I want to make sure if my calculations are correct. I have 370ng/ul stock of my 3'UTR reporter plasmid, I have to use 10ng during the transfection, does that mean that I use 0.03ul of the stock to obtain 10ng?
Secondly, I have a stock concentration of 236ng/ul of pre-miR, I must use 30nmol/l (which is 30nM).
The length of the pre-miR is 106bp, and from an online calculator (which I assume is designed for dsDNA) it determined that 236ng/ul = 3656.5 nM. Is this correct? Then I wanted to work out how much of this stock I must use if I must use 30nM per well (of a 6 well plate). This worked out to 24ul. This seems like a bit much, seeing as I was only supplied with 50ul of stock.
I would appreciate it if someone can assist me :)
hii,
for the first bit of your question. I would diulte down a small volume of 370ng/ul to a lower concentration for instance 5ng/ul or something. The formula you can use to calculate that is = (final concentration/initital concentration) x volume. So in this case the final concentration is 5, initital concentration is 370 and volume lets say is 100uL. Therefore you need to add 1.35uL of stock into 98.6uL of dH20. and then you have a stock of 5ng/uL. You can then add 2 uL of that to obtain 10ng.
hope this helps.
Thanks, yes I thought I would dilute it down if I indeed understood it correctly that I should divide 10 by 370?
Hi Stefanie:
Q1) if you have a 370ng/ul stock - that means there's 370ng of plasmid DNA in each ul. so to pipette 10ng in a reaction you need 0.027ul. personally i think that's a very small amount to attempt to pipette, you may want to dilute down the stock so you're pipetting a larger volume - unless you're going to scale that up in a master mix or something.

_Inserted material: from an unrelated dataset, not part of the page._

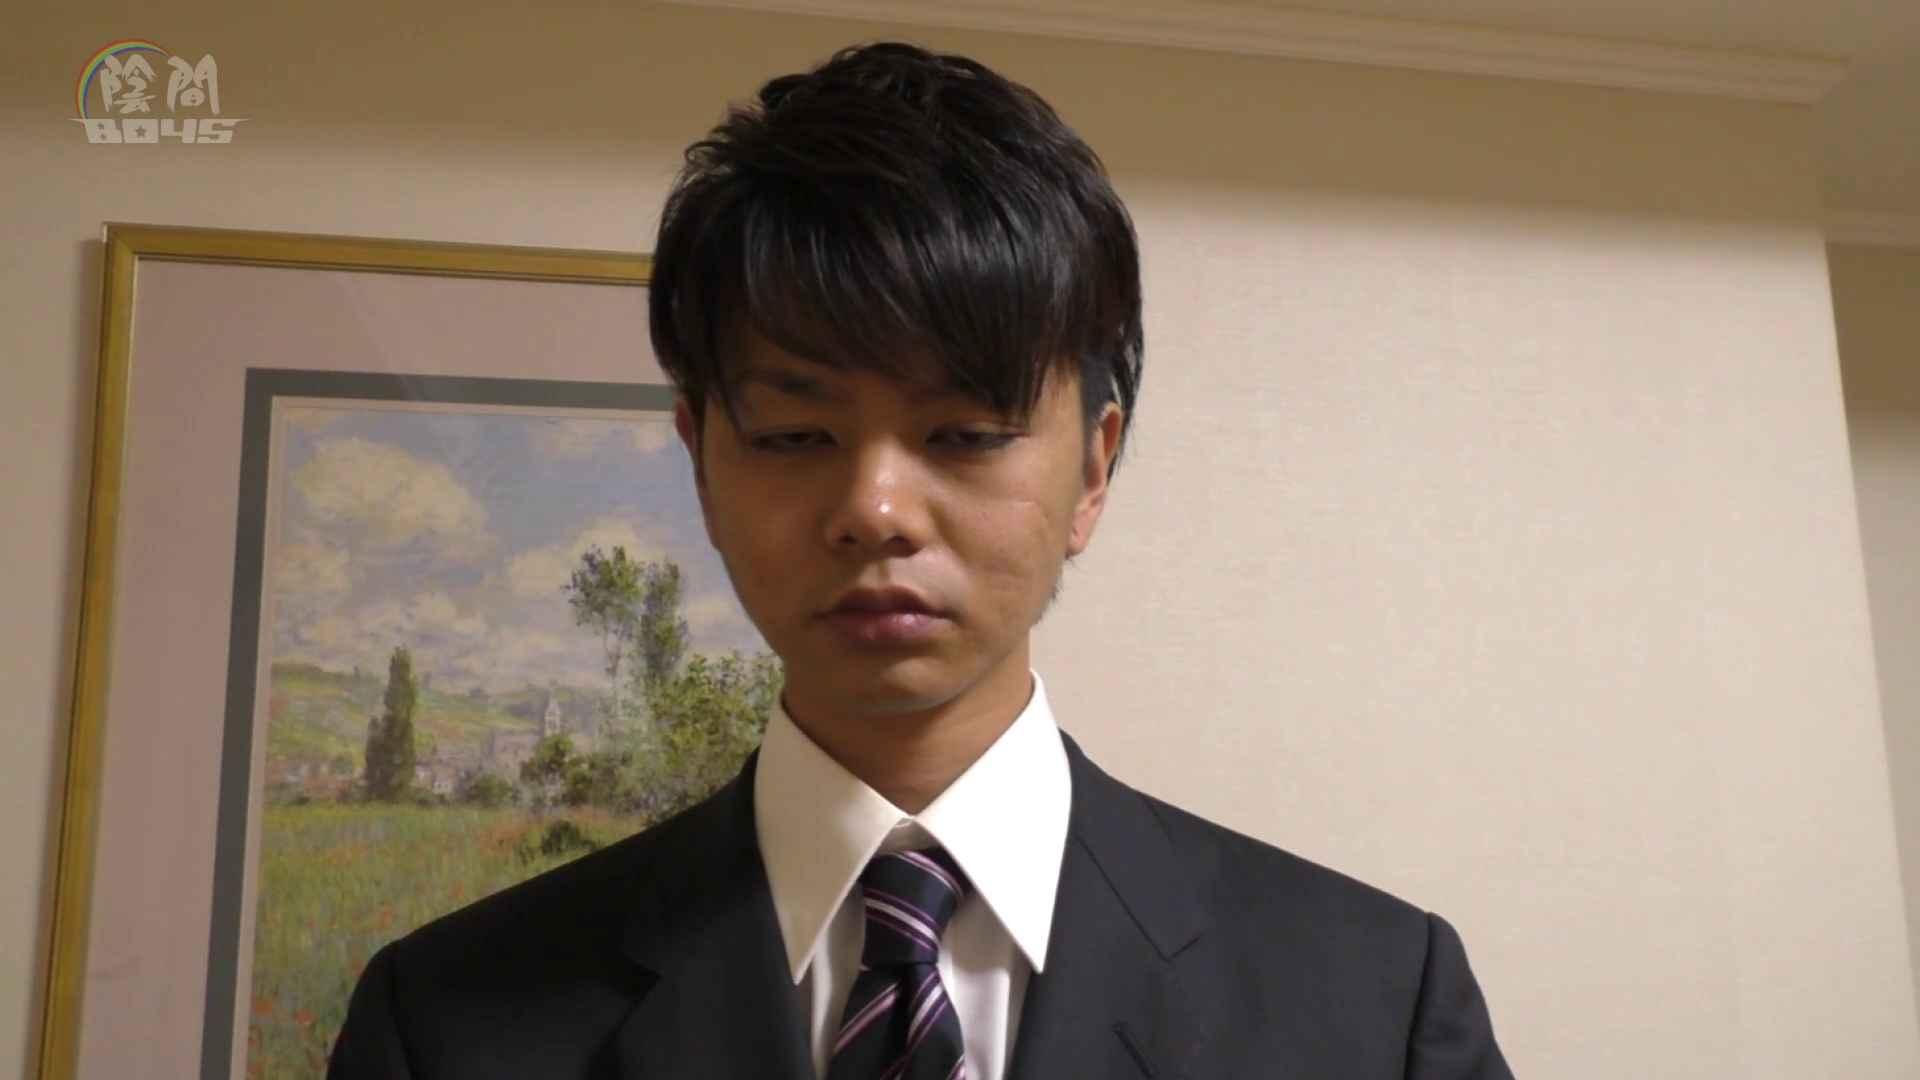 キャバクラの仕事はアナルから6  ~アナルの囁き~Vol.02 アナル挿入 ゲイ無修正動画画像 70pic 21

Q2) if you have the sequence of the pre-miR (which is available on miRBase) - you can enter it into the following program and it will calculate the FW for you:
http://www.basic.northwestern.edu/biotools/OligoCalc.html#helpMW
you can use a molarity calculator such as:
http://www.graphpad.com/quickcalcs/Molarityform.cfm
to calculate the molar concentration using the 'molarity from mass and volume' calculator.
i think your calculation might be off a bit though...very roughly - using an average extinction coefficient of 308 - for a 106nt oligo at 236ng/ul you're looking at a concentration of about 7uM
good luck with your experiments - hope that helps
Hi Stefanie,
What product are you using for the pre-miRNAs? Are you using miRNA mimics (eg. Qiagen) or miRNA precursors (Ambion/Life Tech)?
Keith
Hi
I am using genecopoeia's precursor miRNAs, so it the hairpin structure cloned into a vector, so I am unsure if I can even calculate the molecular weight in this way?
If you're using a plasmid to express your miRNA - I agree, you could simply titrate the miRNA precursor plasmid (and its equivalent NC miRNA plasmid) against a constant amount of your 3'-UTR reporter plasmid when co-transfecting. Do you have any synthetic miRNA mimic you can also try?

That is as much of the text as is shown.